Al segundo siguiente, Fang Bai giró la cabeza y dijo: "Te compraré algunas prendas de ropa interior más, y luego iremos a comer".

Ji Yuning gritó: "Señorita Fang".

Ella frunció el ceño: "No lo necesito".

—Son artículos de primera necesidad, ¿cómo no vamos a necesitarlos? —replicó Fang Bai—. Además, ¿cómo me llamaste?

"..." Dada la situación actual, Ji Yuning cedió una vez más ante Fang Bai, "Tía Fang".

Pensando en la negativa de Ji Yuning, Fang Bai sugirió: "¿Por qué no esperas afuera mientras voy a comprarlo?"

Fang Bai pensó que Ji Yuning podría seguir sin aceptar su oferta si entraba a comprarlo, así que volvió a decir: "¿Qué te parece si espero afuera y entras tú a comprarlo?".

El rostro de Ji Yuning se ensombreció de ira: "No lo necesito".

"De acuerdo, entraré y lo compraré." Fang Bai hizo ademán de marcharse.

Ji Yuning pasó de largo a Fang Bai y susurró: "...Iré sola."

Fang Bai sonrió, entrecerrando ligeramente los ojos, con una expresión de satisfacción triunfante en el rostro. "Te transferiré el dinero por WeChat por teléfono".

Tras la transferencia, Fang Bai oyó sonar el teléfono de Ji Yuning y preguntó: "¿Sabes usarlo? Saca tu teléfono y te enseñaré".

Ji Yuning entregó su teléfono en silencio.

En unos cinco minutos, bajo la atenta mirada de Ji Yuning, Fang Bai completó la autenticación del nombre real y otros procedimientos, le enseñó a Ji Yuning cómo realizar pagos y luego le devolvió el teléfono.
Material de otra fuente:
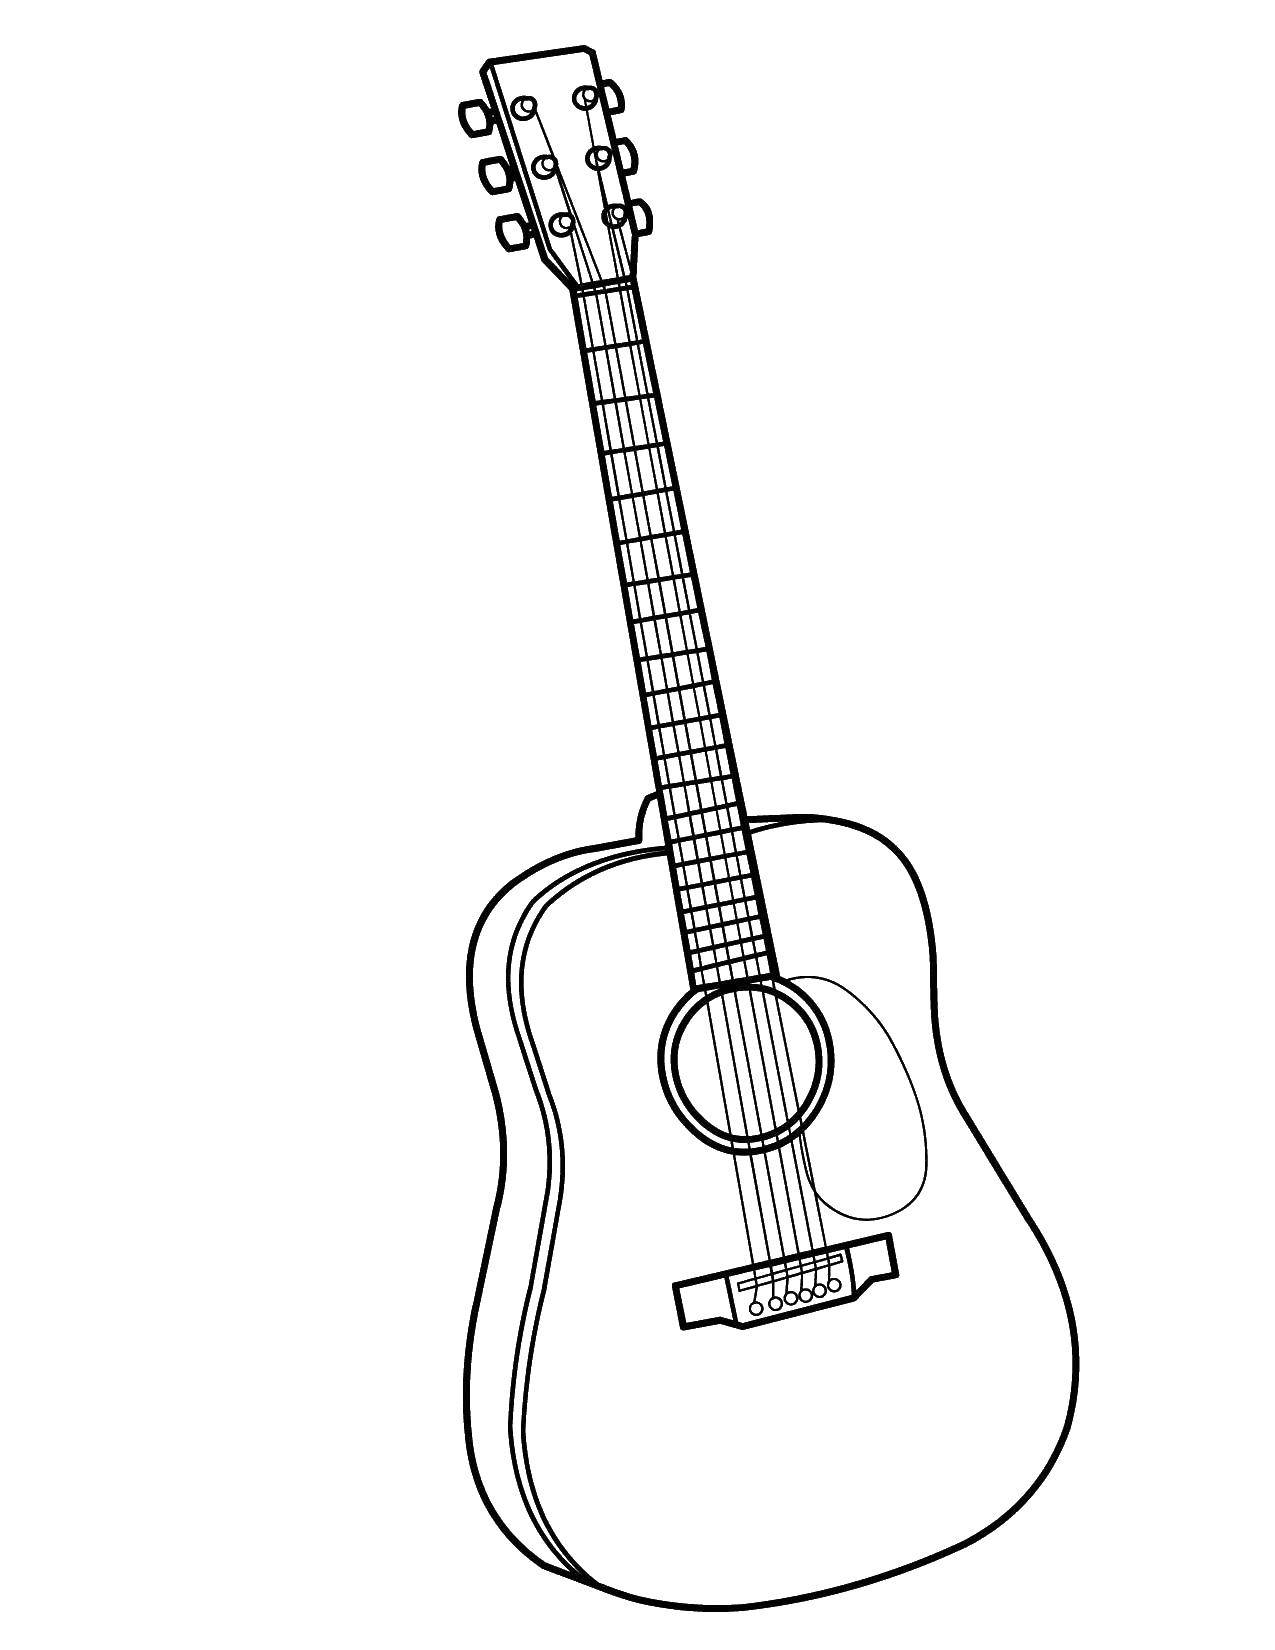 Название: Раскраска Струны гитары. Категория: музыкальные инструменты. Теги: Музыка, инструмент, музыкант, ноты.

Ji Yuning tomó el teléfono y escuchó a Fang Bai susurrarle: "¿Sabes cuál es tu talla de sujetador? Si no lo sabes, puedes preguntarle a la dependienta, pero creo que... deberías comprar la talla más pequeña".

Fang Bai habló muy seriamente cuando pronunció la última frase; le estaba dando un consejo a Ji Yuning.

Pero cuando Ji Yuning escuchó esto, pensó en lo que la mujer había dicho en la escuela la última vez.

Ji Yuning miró a Fang Bai en silencio, luego se dio la vuelta y se marchó.

Tres minutos después, Ji Yuning salió de la tienda de lencería.

—¿Tan rápido? —Fang Bai miró con cierta sorpresa a la persona que se acercaba—. ¿Elegiste con cuidado?

Ji Yuning respondió: "Me lo recomendó el dependiente".

Fang Bai quería preguntarle a Ji Yuning si le gustaba, pero luego pensó que, dado que Ji Yuning ya lo había comprado, seguramente le gustaría.

Mientras ellos compraban ropa, el tío Li ya había comido. Fang Bai lo llamó y le pidió que subiera a recoger las compras.

Después de que el tío Li se llevara todas las bolsas, grandes y pequeñas, Fang Bai, con las manos libres y ya satisfechas sus ganas de comprar, estaba de buen humor. Se giró para mirar a Ji Yuning, que estaba en el siguiente escalón de la escalera mecánica, y le preguntó: "¿Qué quieres comer?".

Ji Yuning miró a Fang Bai, sus ojos oscuros reflejando su imagen. "Todo está bien."